Matplotlib Tutorial (Part 8): Plotting Time Series Data
Based on Corey Schafer's video on YouTube. If you like this content, support the original creators by watching, liking and subscribing to their content.
Plot time series by passing datetime objects as the x-axis and numeric values as the y-axis using `plt.plot_date`.
Briefing
Time-series plotting in Matplotlib hinges on treating dates as real datetime objects—not plain strings—and then using Matplotlib’s date formatting tools to make the x-axis readable. The tutorial starts with a simple seven-day dataset created directly in Python, plots it with `plt.plot_date`, and then adjusts the line style so points connect into a continuous trend. From there, it focuses on two practical upgrades that matter in real charts: automatic rotation/alignment of date tick labels and custom date label formats (like “May 24” instead of the default year-month-day).
The first example builds a list of consecutive `datetime` values and a matching list of y-values. Plotting is straightforward: pass dates as the x-axis and the numeric series as the y-axis. The initial output may show markers rather than a line, but setting `linestyle='solid'` produces a connected time series; markers can be disabled with `marker=None` if desired.
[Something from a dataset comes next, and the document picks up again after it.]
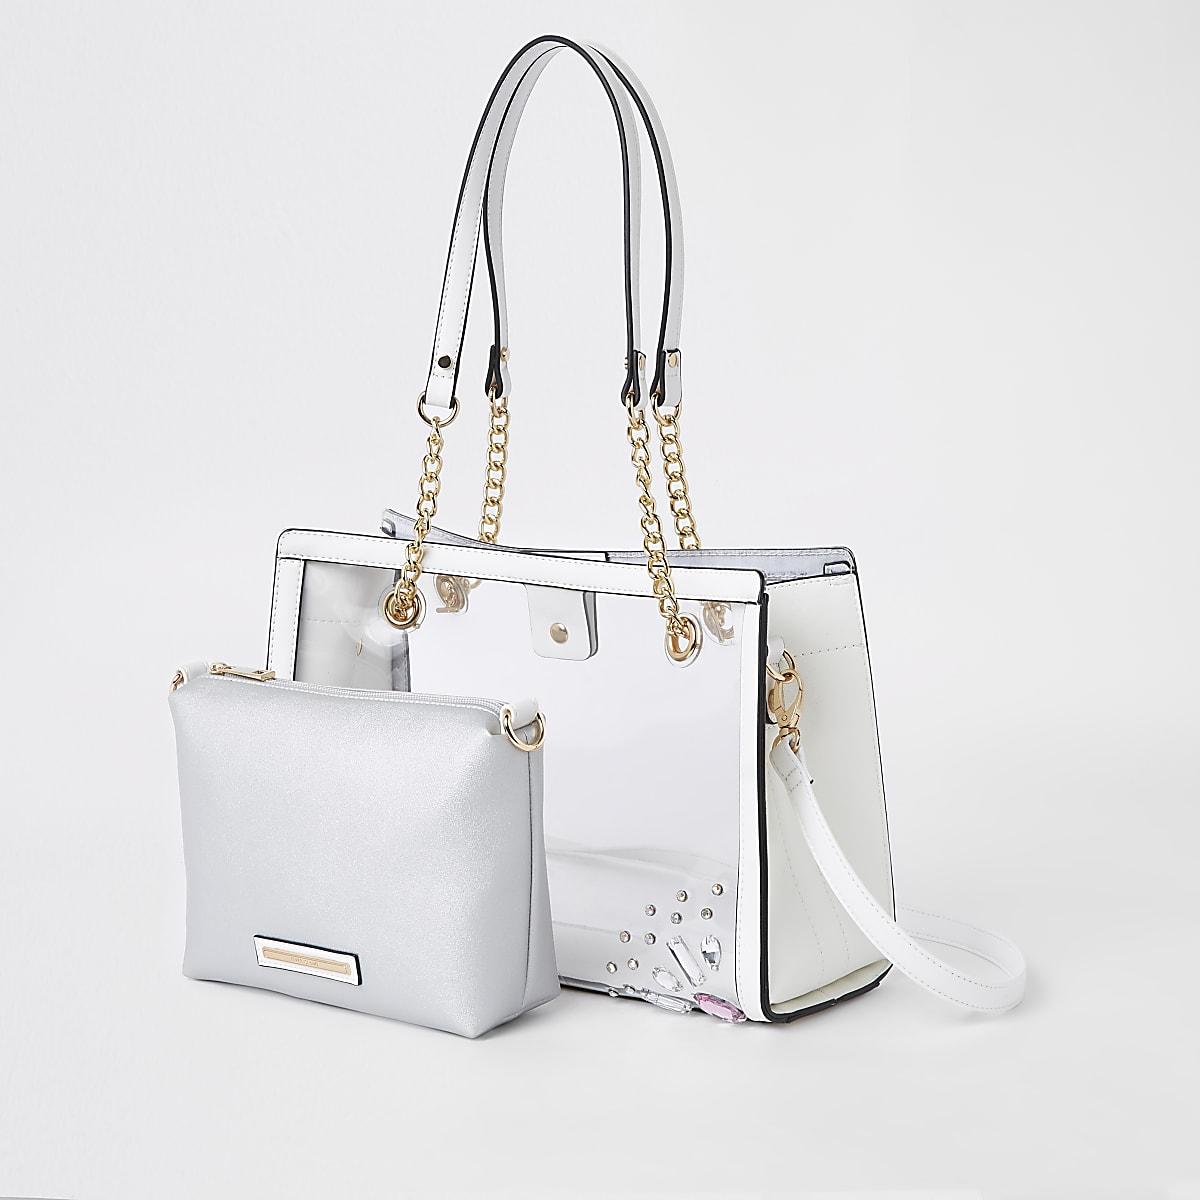 Witte perspex handtas met binnenvak

To improve readability, the chart uses Matplotlib’s figure-level auto-formatting for dates—calling `autofmt_xdate()` on the current figure—so tick labels rotate and spread out instead of bunching together.
Next comes the key formatting step: changing how dates appear on the x-axis. The tutorial imports `matplotlib.dates` as `MPL dates` and uses `matplotlib.dates.DateFormatter` with a format string compatible with Python’s `strftime` codes. It then applies that formatter to the x-axis via `ax.xaxis.set_major_formatter(...)` after retrieving the current axis. The example uses abbreviated month, day, and four-digit year (e.g., `%b %d %Y`), resulting in labels like “May 24” rather than full numeric date strings.
The real-world section loads Bitcoin OHLCV data from a CSV using pandas. The CSV includes a `date` column plus columns such as open, high, low, close, adjusted close, and volume. The code initially plots `price_date` (from the CSV’s `date` column) against `price_close` using `plot_date`, but the x-axis renders incorrectly because the dates are still strings. A deliberate out-of-order date row demonstrates the problem: the chart places “May 17” at the end rather than at the correct chronological position.
The fix is twofold. First, convert the `date` column to pandas datetime objects with `pd.to_datetime(...)`, replacing the string values. Second, sort the data by date so the time series is ordered correctly; the tutorial uses `sort_values` (with `inplace=True`) to reorder the DataFrame without needing to reassign it. After these changes, Matplotlib receives properly typed datetimes, and the x-axis behaves as expected.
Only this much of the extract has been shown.